▶ _RECORDED INFORMATION_:

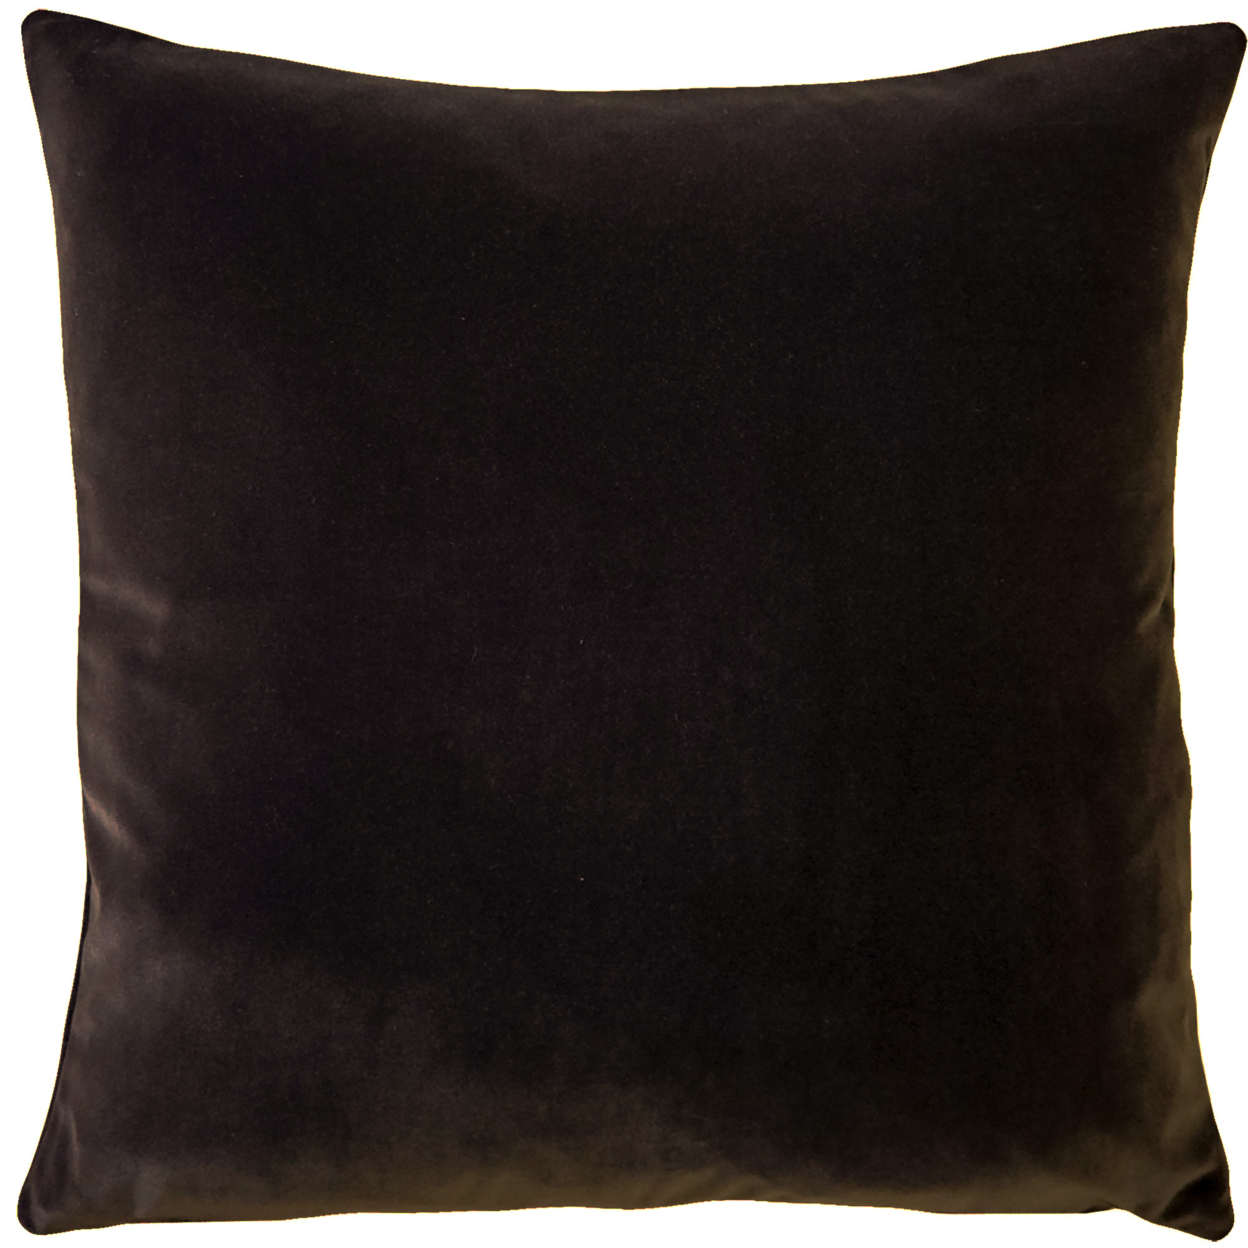 Castello Velvet Throw Pillows, Complete Pillow With Polyfill Pillow Insert (18 Colors, 3 Sizes) - Espresso Brown, 12x20
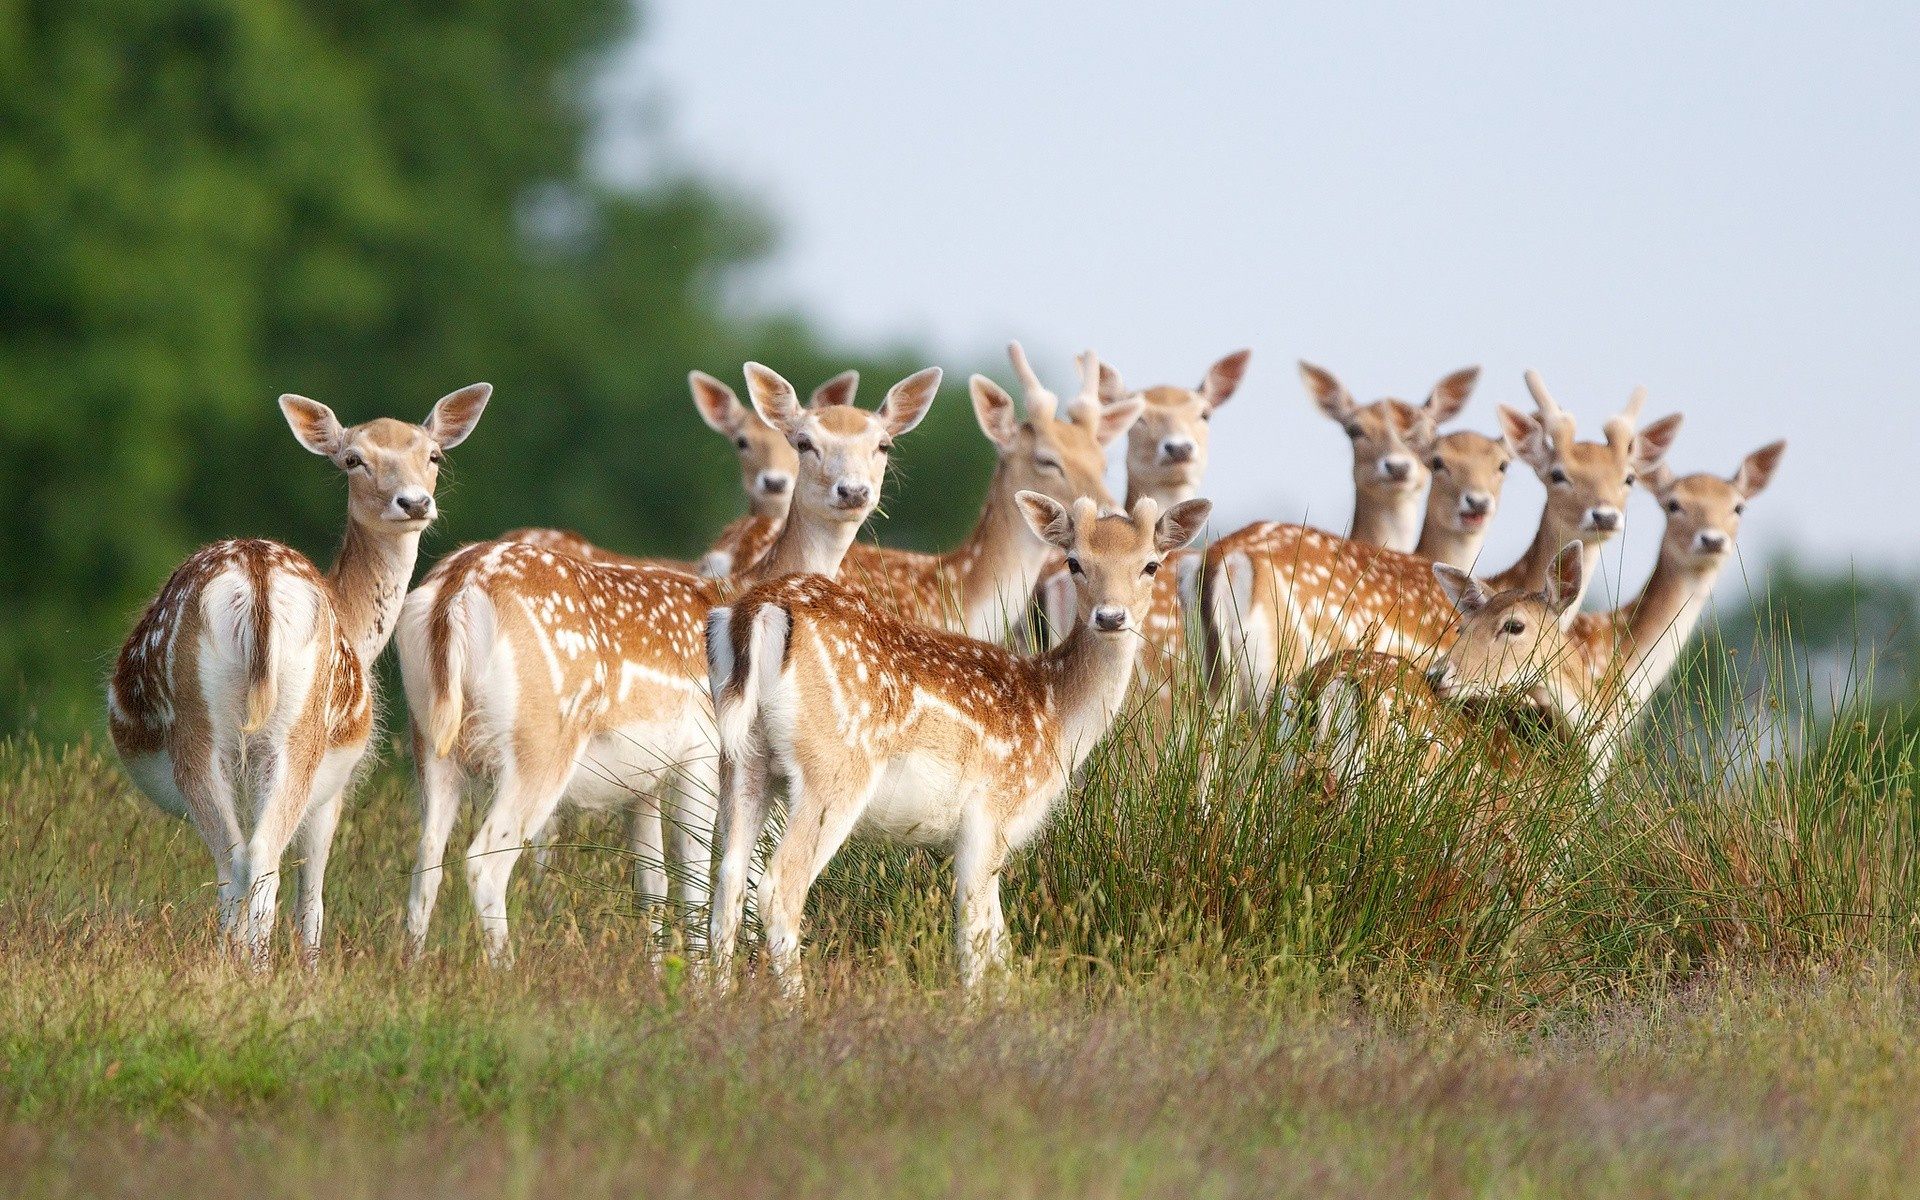 What is a group of deer called?
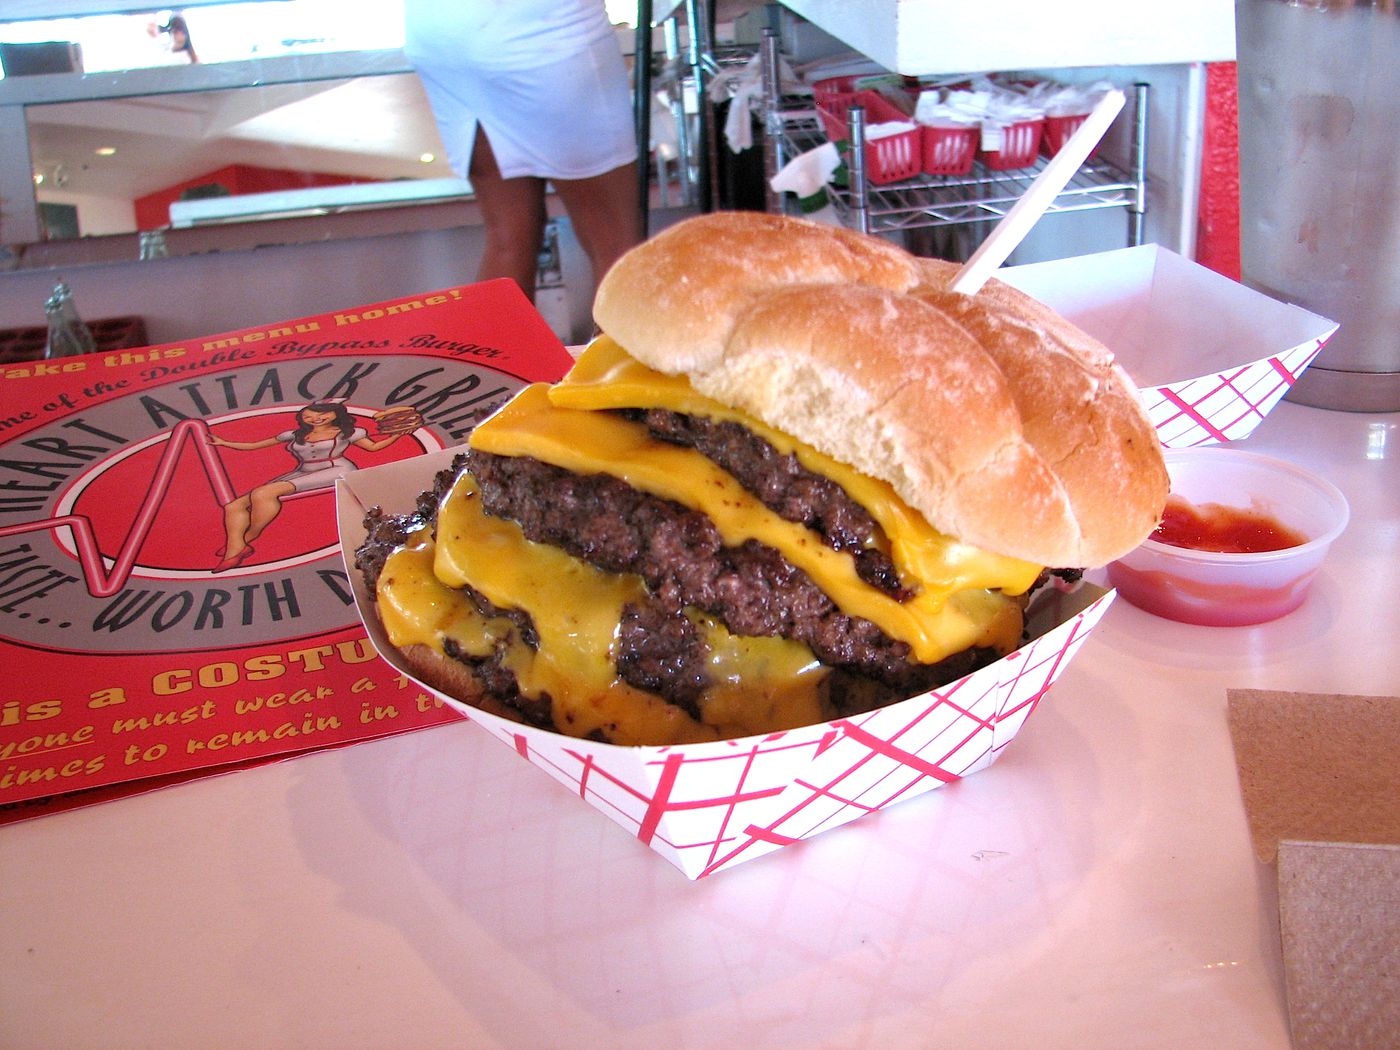 heart attack grill menu - ne odle Double Bupa Worth is a Costu yone must weak a imes to remain in to
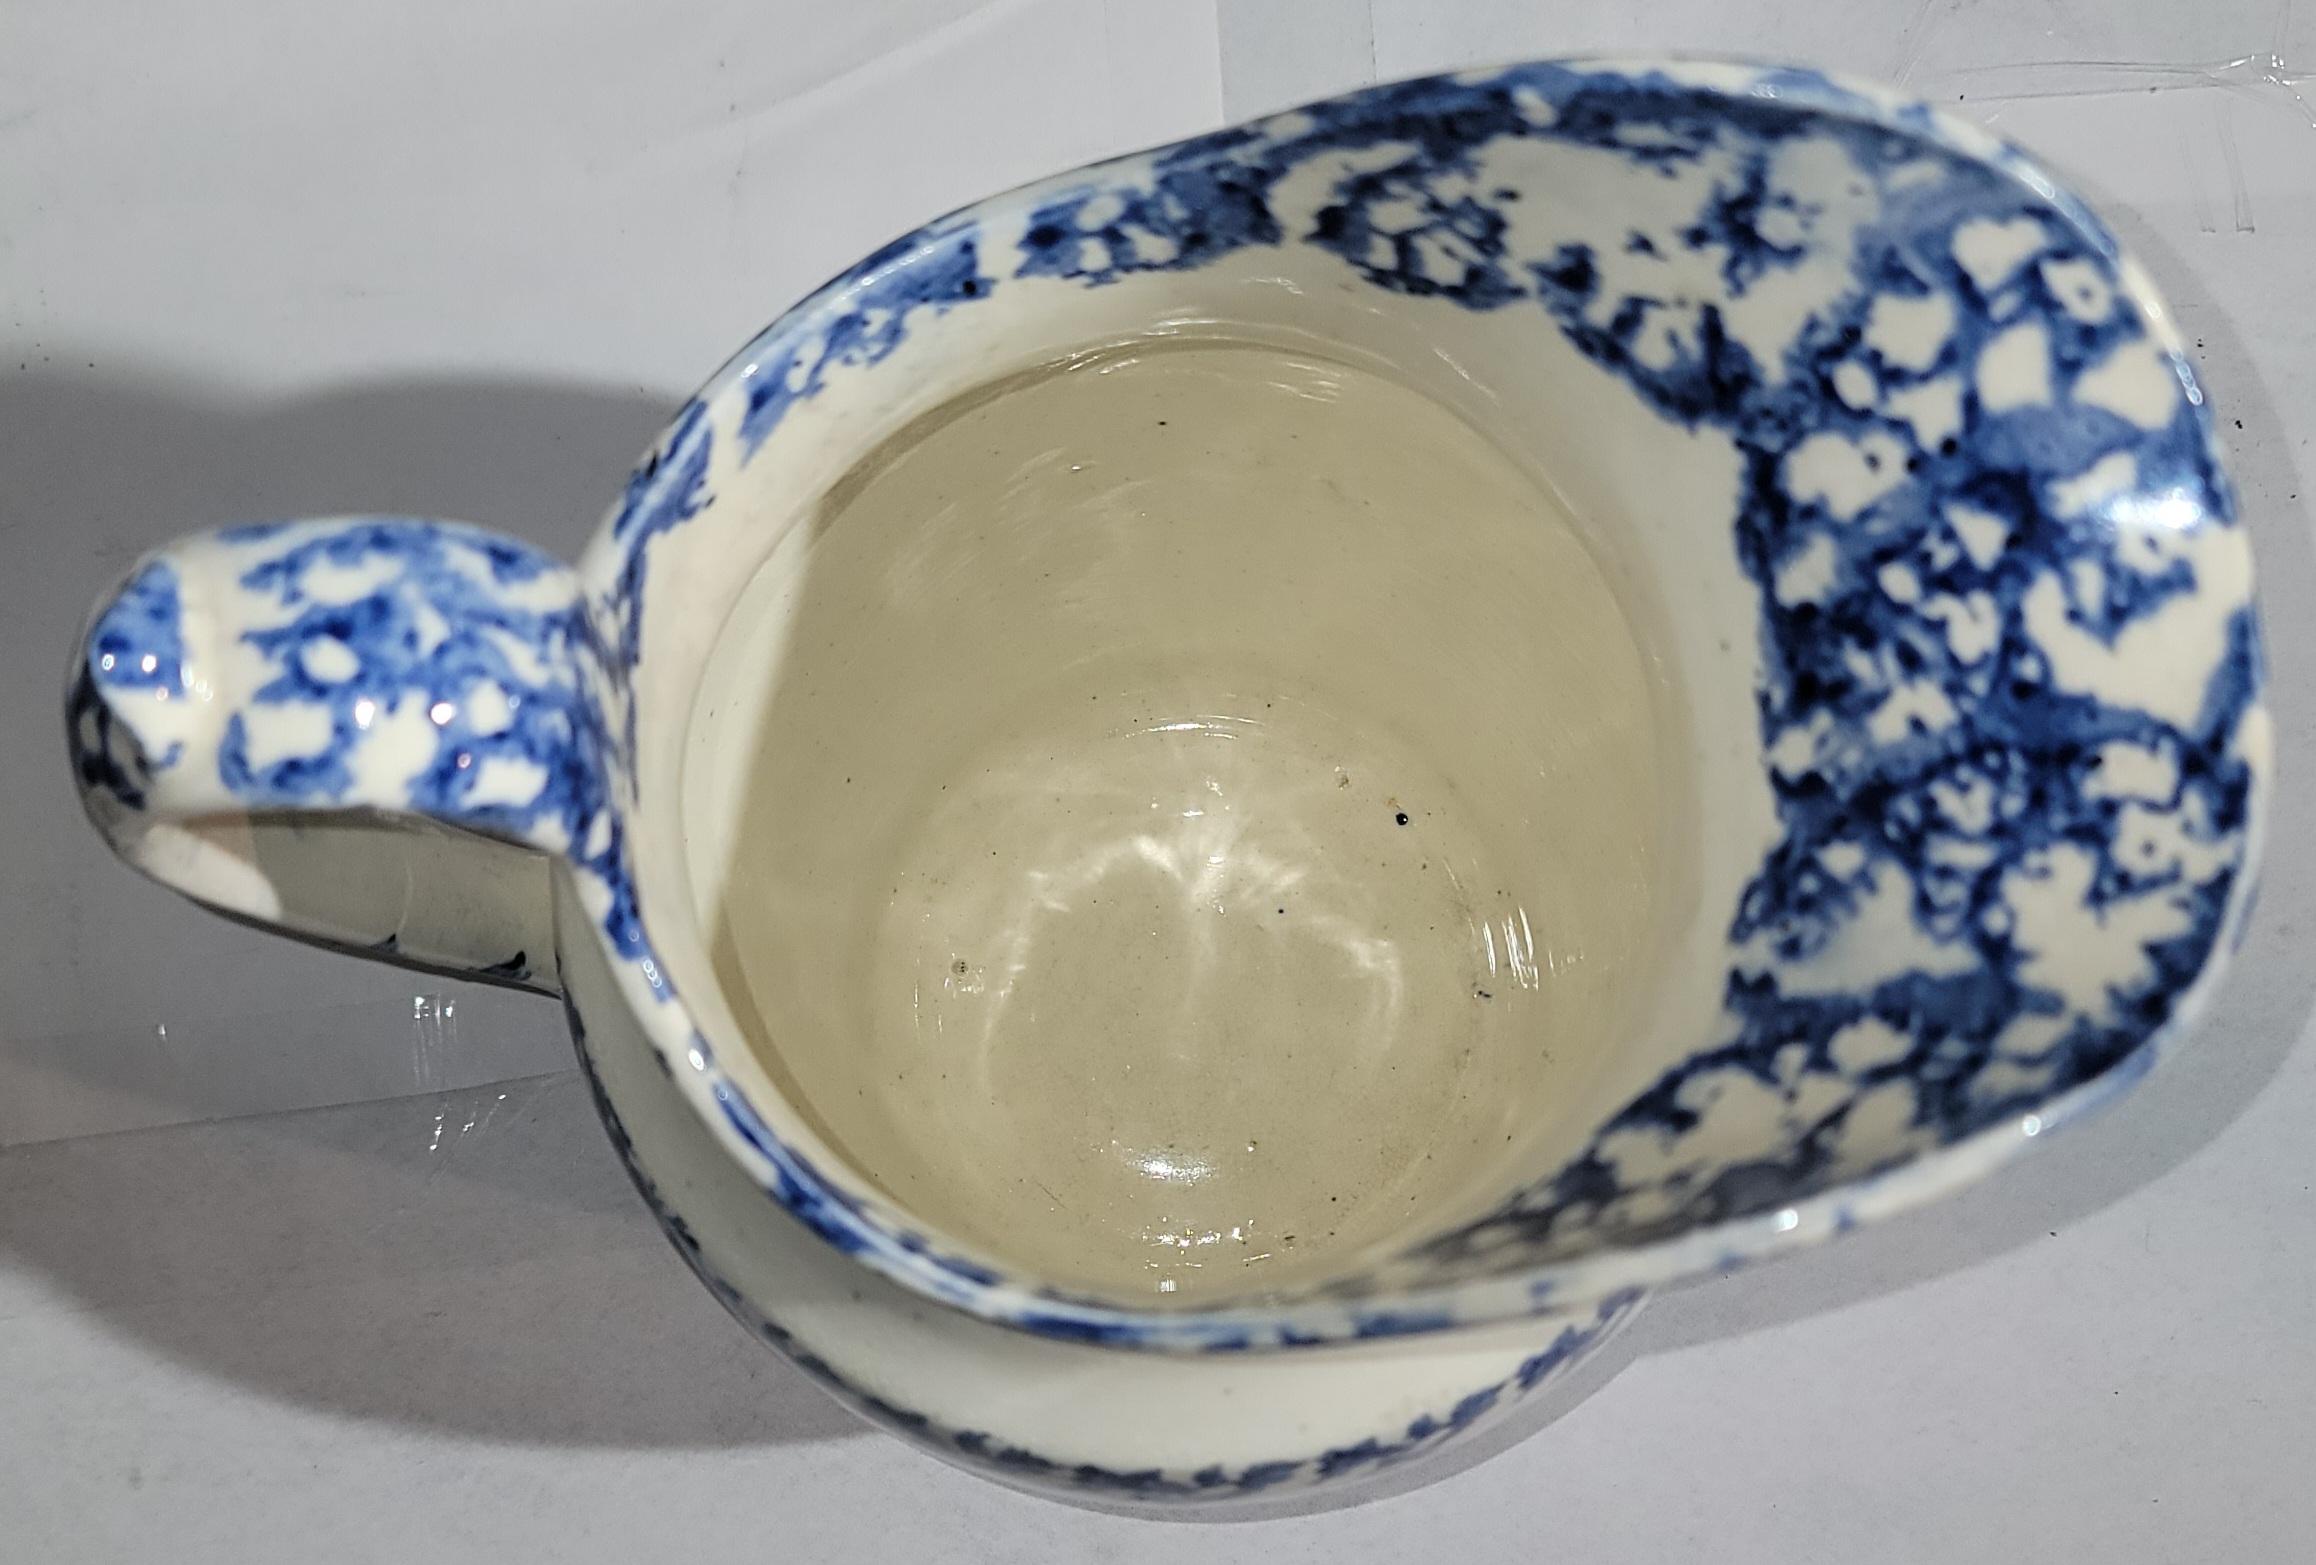 This fine 19thc soft paste (similar to a lighter ironstone pottery ) in pristine condition. This fine sponge patterned water pitcher is in fine condition.

▶ _WHAT IS NEEDED_:
Each line above has to be returned exactly. Drop the pictures.

▶ _ANSWER SPACE_:
 Castello Velvet Throw Pillows, Complete Pillow With Polyfill Pillow Insert (18 Colors, 3 Sizes) - Espresso Brown, 12x20
 What is a group of deer called?
 heart attack grill menu - ne odle Double Bupa Worth is a Costu yone must weak a imes to remain in to
 This fine 19thc soft paste (similar to a lighter ironstone pottery ) in pristine condition. This fine sponge patterned water pitcher is in fine condition.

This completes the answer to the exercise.